6
votes

I'm trying to learn how to use CUDA with thrust and I have seen some piece of code where the printf function seems to be used from the device.

Consider this code:

#include <thrust/host_vector.h>
#include <thrust/device_vector.h>
#include <cstdio>

struct functor
{
  __host__ __device__
  void operator()(int val)
  {
      printf("Call for value : %d\n", val);
  }
};

int main()
{
    thrust::host_vector<int> cpu_vec(100);
    for(int i = 0 ; i < 100 ; ++i)
      cpu_vec[i] = i;
    thrust::device_vector<int> cuda_vec = cpu_vec; //transfer to GPU
    thrust::for_each(cuda_vec.begin(),cuda_vec.end(),functor());
}

this seems to run fine and prints 100 times the message "Call for value : " followed by a number.

now if I include iostream and replace the printf line with a C++ stream-based equivalent

std::cout << "Call for value : " << val << std::endl;

I get compilation warnings from nvcc and the compiled program will not print anything.

warning: address of a host variable "std::cout" cannot be directly taken in a device function
warning: calling a __host__ function from a __host__ __device__ function is not allowed
warning: calling a __host__ function("std::basic_ostream<char, std::char_traits<char> >::operator <<") from a __host__ __device__ function("functor::operator ()") is not allowed
  1. Why does it work with printf?
  2. Why does it not work with cout?
  3. What is actually run on GPU? I'd guess, at least sending to stdout requires some CPU work.
1
printf is "overloaded" as a __device__ function, while cout is not. You need explicit "overloading" of printing functions because you need to properly deal with the output buffer. Have a look at the simplePrintf example and you will have a feeling on why you need explicit overloading and how you can do it. Since cout is a __host__ function only, nvcc cannot compile it.Vitality

1 Answers

10
votes
  1. Why does it work with printf?

Because NVIDIA added runtime support for in-kernel printf for all hardware which supports the device ABI (compute capability >= 2.0). There is a template overload of the host printf in device code which provides (almost) standard C style printf functionality. You must include cstdio or stdio.h in your device code for this mechanism to work.

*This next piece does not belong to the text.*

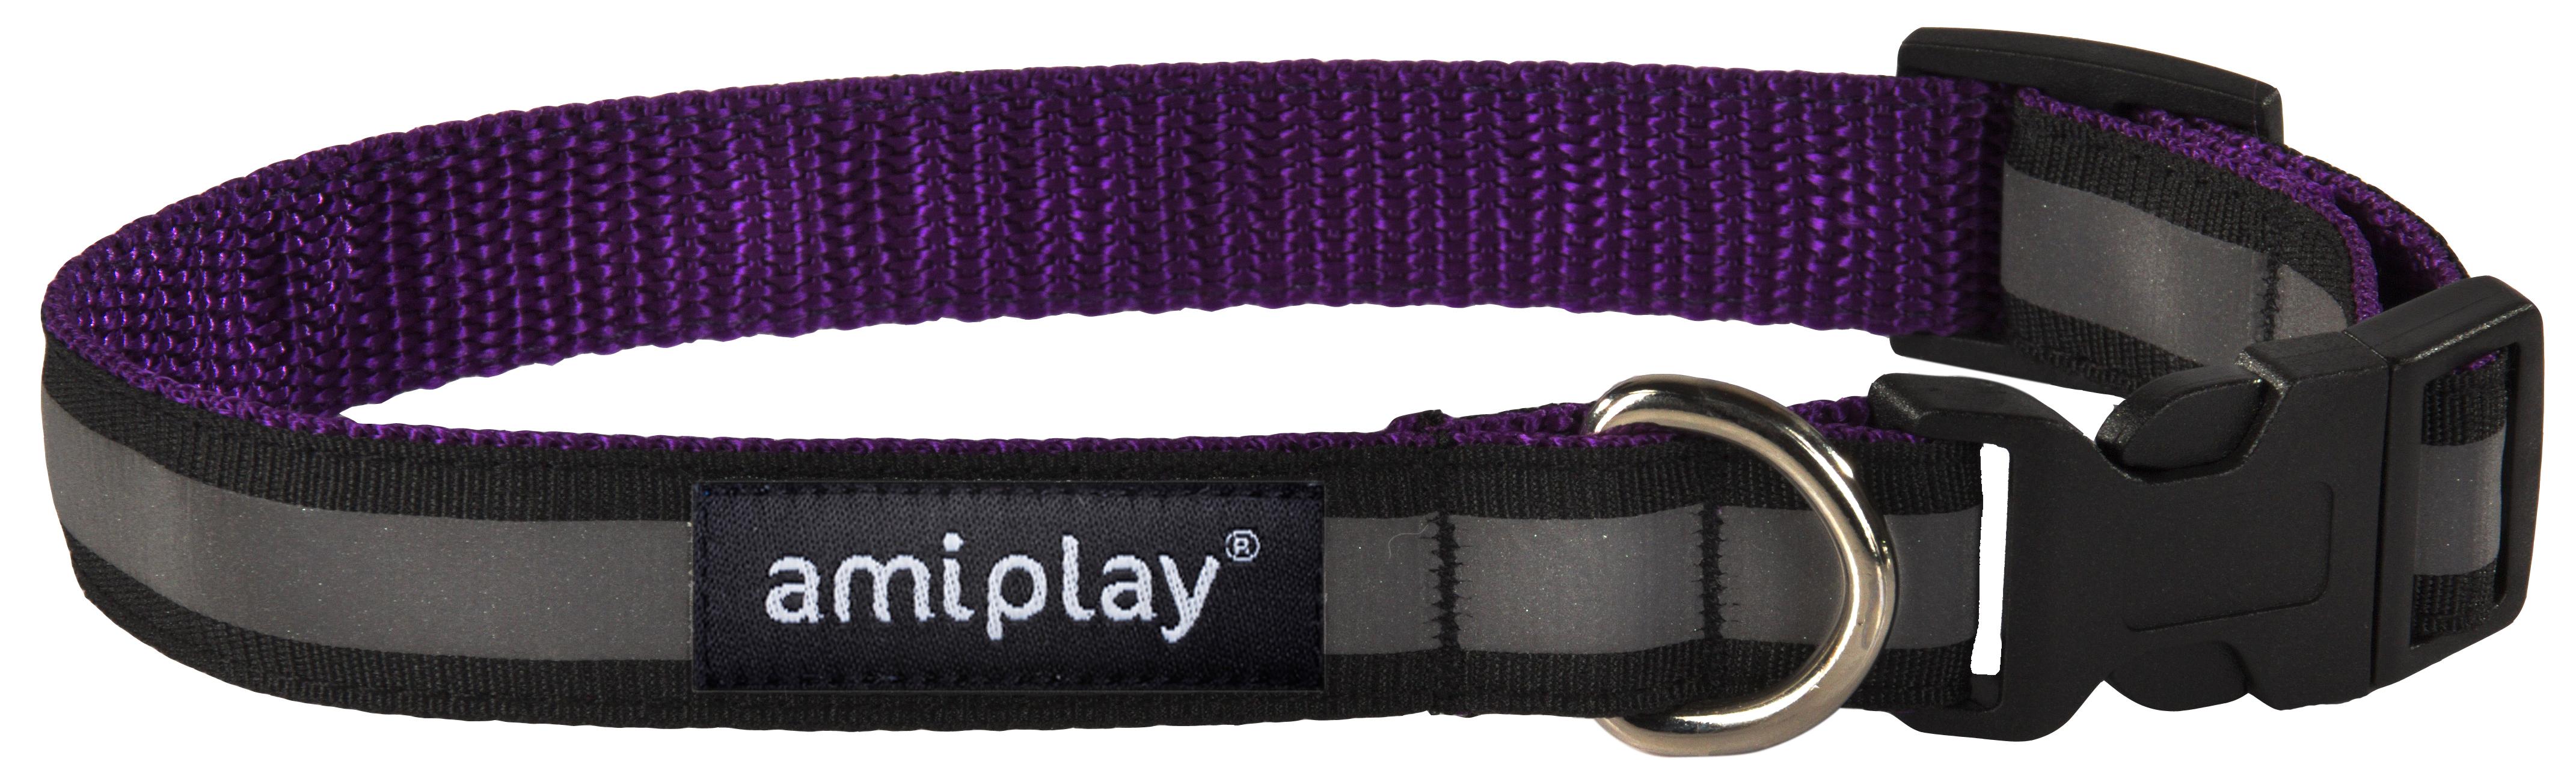 Obojek pro psa nylonový reflexní - fialový - 2,5 x 34 - 55 cm

  1. Why does it not work with cout?

Because NVIDIA haven't implemented any form of C++ iostream style I/O support within the CUDA device runtime.

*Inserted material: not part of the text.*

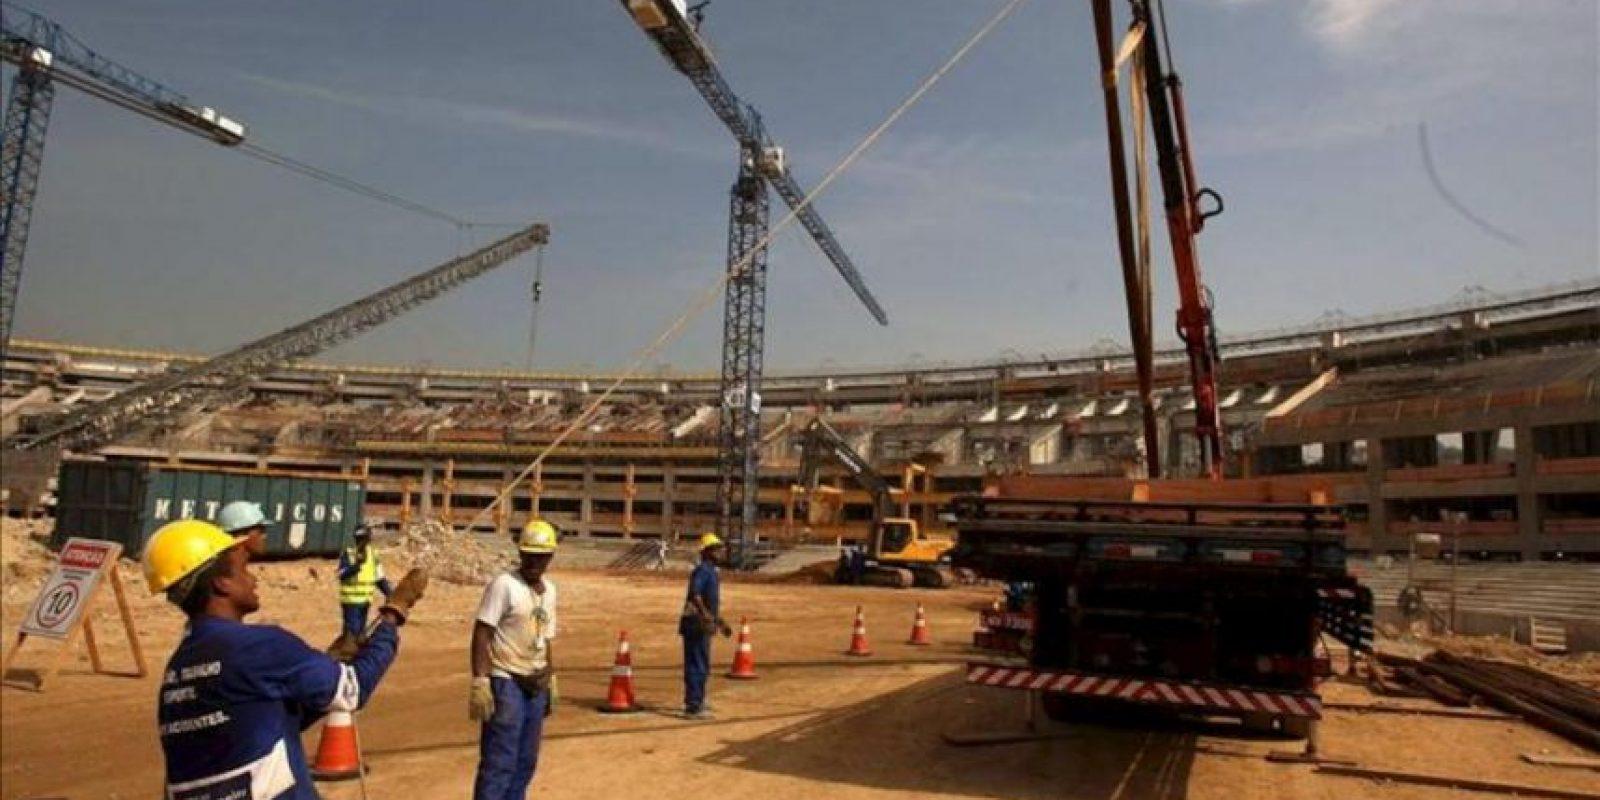 Unos obreros trabajan durante la remodelación del estadio Maracaná donde se llevará a cabo el Mundial de Fútbol de 2014 en Brasil, y que fue abierto al público este 14 de abril, en la ciudad de Río de Janeiro. EFE

  1. What is actually run on GPU?

The device runtime maintains a FIFO buffer for kernel code to write to via printf calls during kernel execution. The device buffer is copied by the CUDA driver and echoed to stdout at the end of kernel execution. The exact heuristics and mechanism are not documented, but I would assume that format strings and output are stored to the FIFO buffer and then parsed by the CPU driver and then printed via some sort of callback from the kernel launch API. The runtime API provides a function for controlling the size of the printf FIFO.